Skeeters, extra innings, the ER, and Mexican food
Shohei reached base safely nine times in last night's game. Incredible.
I've been down here in greater Palm Springs for almost a week now, and it's been basically fine. I mean, the mosquitos are sure happy, they have a whole new buffet with me here. No mitigating actions seem to help dissuade them from my sweet, juicy A-pos. Which is a convoluted way of saying, "my feet itch."
Yesterday was my dad's 83rd birthday, and though we celebrated it the day before by driving over to LA to have an evening with my sister, bro-in-law, and nephew, he spent the day itself in the emergency room. As Marty put it, that wasn't on our collective bingo card for the day.

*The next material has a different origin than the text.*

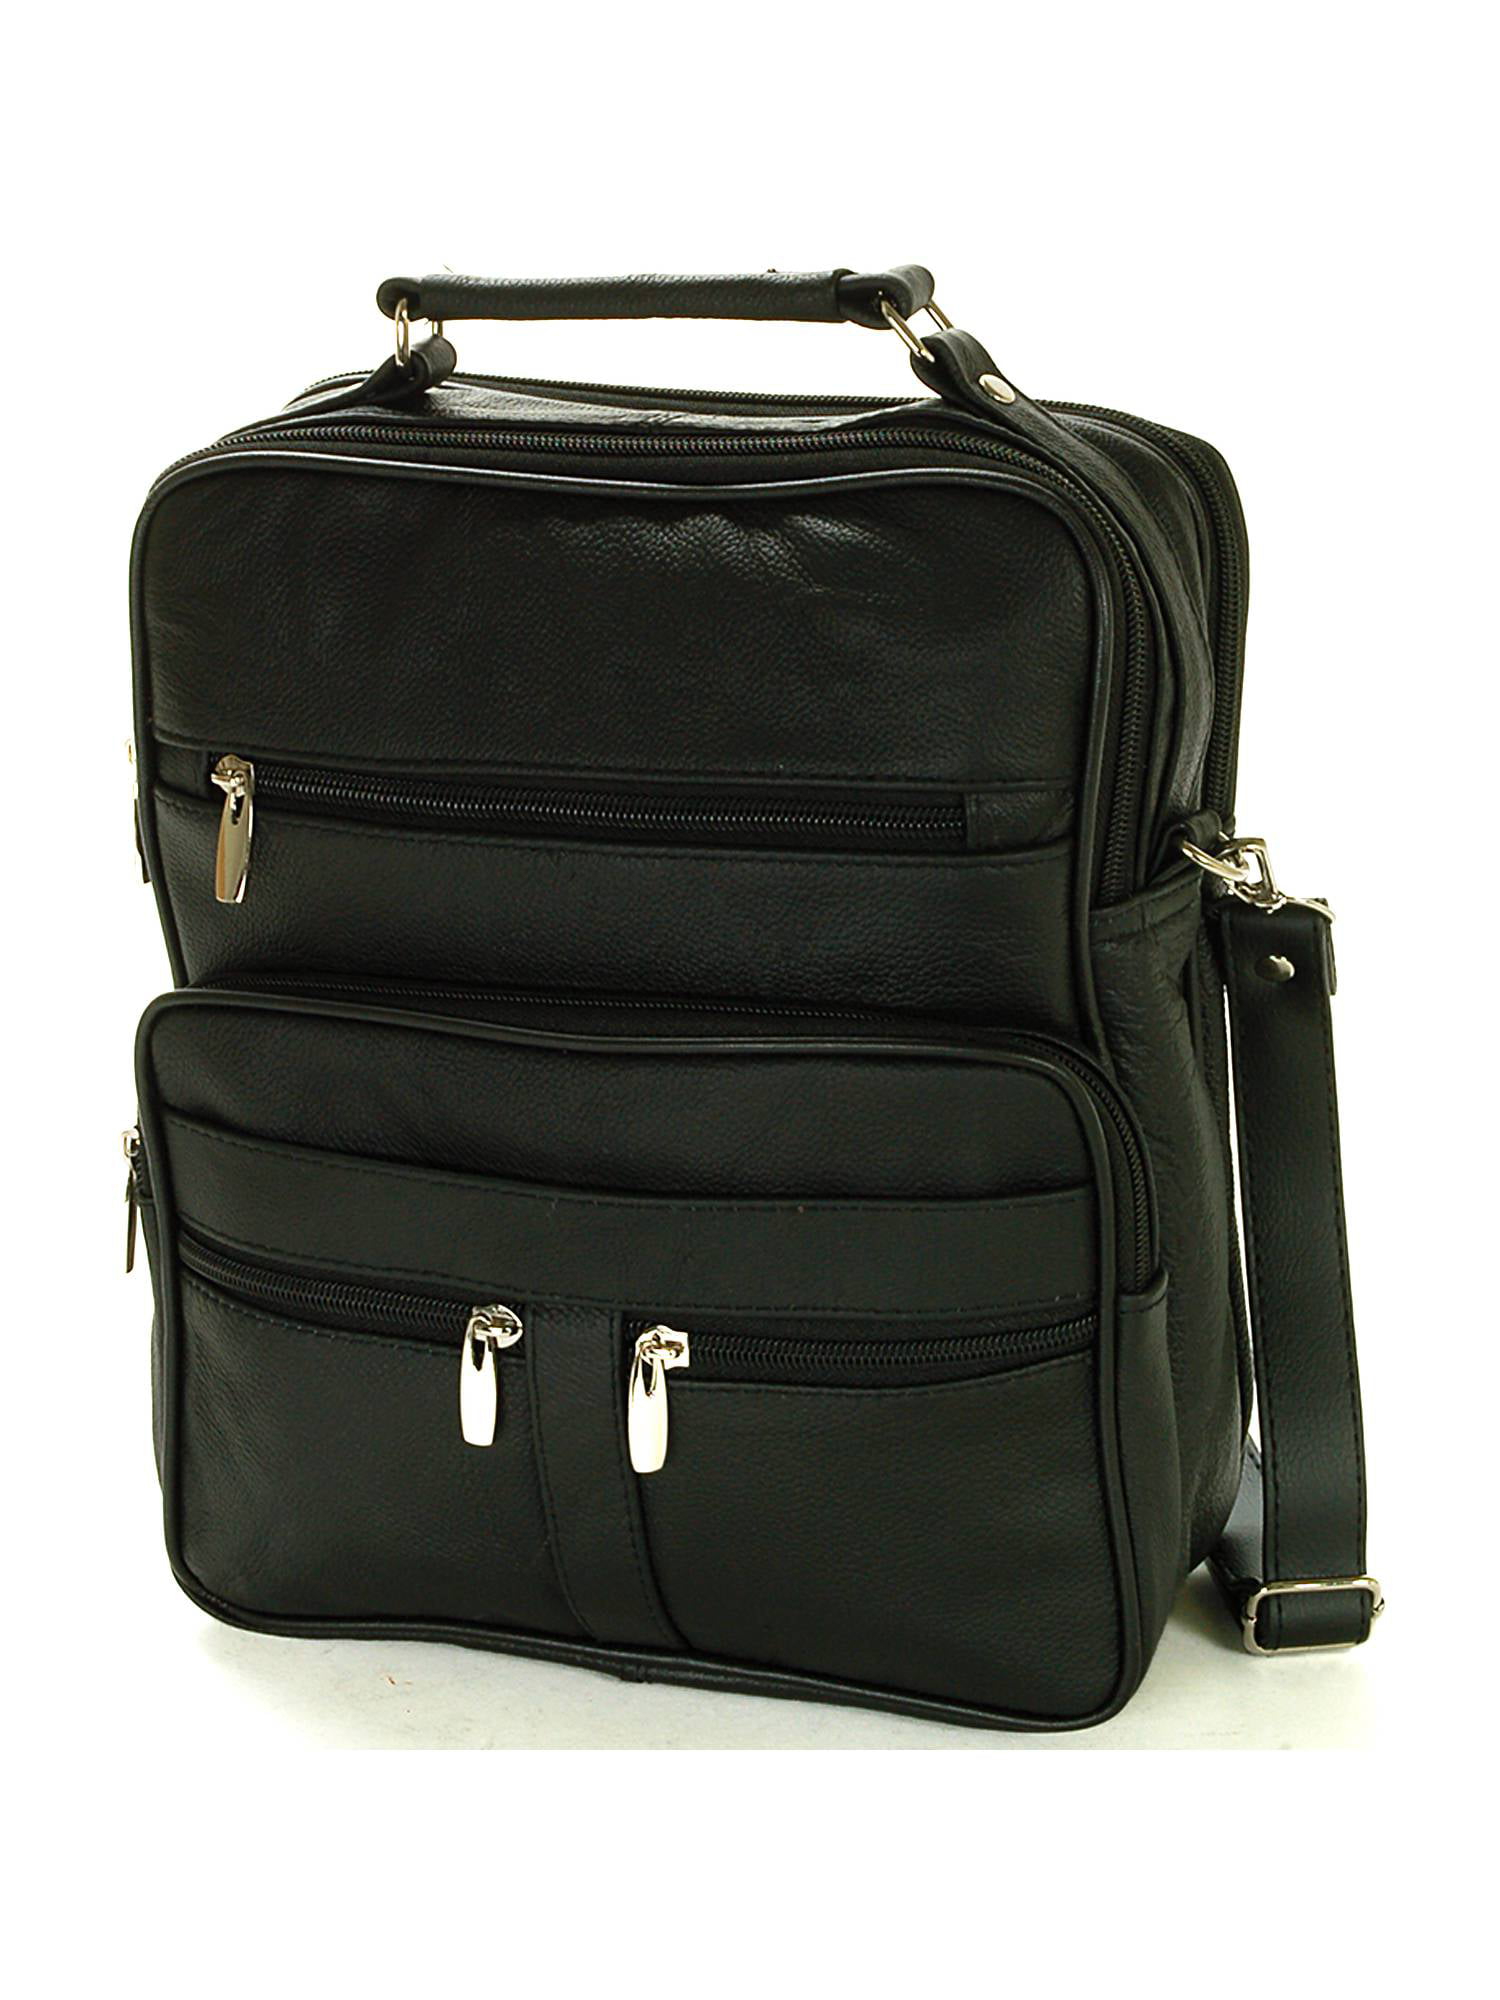 multipurpose travel organizer bag

He's fine. There was an issue with vertigo that was concerning and in the end the docs gave him some dramamine and he's doing better. I used the time Dad & Marty were waiting around at the ER to visit my friend Mark, a newly-transplanted Seattleite to the area, and gape in awe at the house he bought that he decided was a massive fixer-upper and wonder at the expense of all the renovations he's planning. More power to you, Mark! Gotta make it your own. We got caught up a bit over lunch at a nice Mexican restaurant with a big outdoor patio before I made my way back to Dad & Marty's in time for the first pitch of World Series Game 3.
What a wild one that was.
The longest game in World Series history, the eventual 6-5 Dodger victory took nearly seven hours to play. It was the second 18-inning World Series game at Dodger Stadium this century. And boy, did it have drama. Great feats! Brain farts! Good umpiring! Not-so-good umpiring! Outstanding defensive plays! Lousy defensive plays! Future Hall of Famers pitching! Why-is-that-guy-even-on-the-roster types pitching! Celebrities in the stands! Marlins guy looking at his phone! Ridiculous managerial challenges! One sensible managerial challenge! Four intentional walks to one guy! (Well, five, really.) It had a lot going on, and by the end my friend Dave and I were musing about suspended-game potentials and crazy what-ifs on BlueSky in between my posting bits of #SmoltzWisdom, words of insight uttered on the air by Fox Sports commentator John Smoltz during the game.
Those bullpens are totally spent, so both teams better hope for complete-game-level performances out of their starters tonight.